It is not that I am so much afraid of something being included which nobody wishes to stop, but that in point of fact the vagueness would enable ill-disposed people gradually to eat away the prohibition which we all desire to see enforced. For that reason I hope the Government will consider this matter very carefully. I know there was a great deal of discussion in another place on the subject, but, especially in view of the warning by so high an authority as my noble and learned friend who has just spoken, I would ask the Government whether they will not try and do something that will be more certainly effective than the provision in its present condition.

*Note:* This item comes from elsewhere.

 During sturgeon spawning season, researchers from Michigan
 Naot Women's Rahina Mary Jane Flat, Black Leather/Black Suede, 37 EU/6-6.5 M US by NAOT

My Lords, I hope I also may be allowed to join in the general congratulations addressed to the noble Marquess, Lord Reading. I do so with the greater pleasure not only because his father was a friend of my father's but because he has directed our thoughts, if I may say so, in a very useful direction, and has given me the opportunity of saying, what every one of your Lordships will agree with, that there is no sympathy whatever for this particularly cowardly form of bullying, which consists in baiting what is, after all, a small racial minority. None of us will dispute that that has got to be stamped out. On the other hand, I thought the noble Lord, the Leader of the Opposition, was possibly a little oblivious of the fact that there is and still remains another Party equally prone to use violence for the propagation of its own political ideas—not his Party, I need hardly say. That being so, and it being our intention to support the Government in suppressing what has lately become an evil, what steps ought the Government to take?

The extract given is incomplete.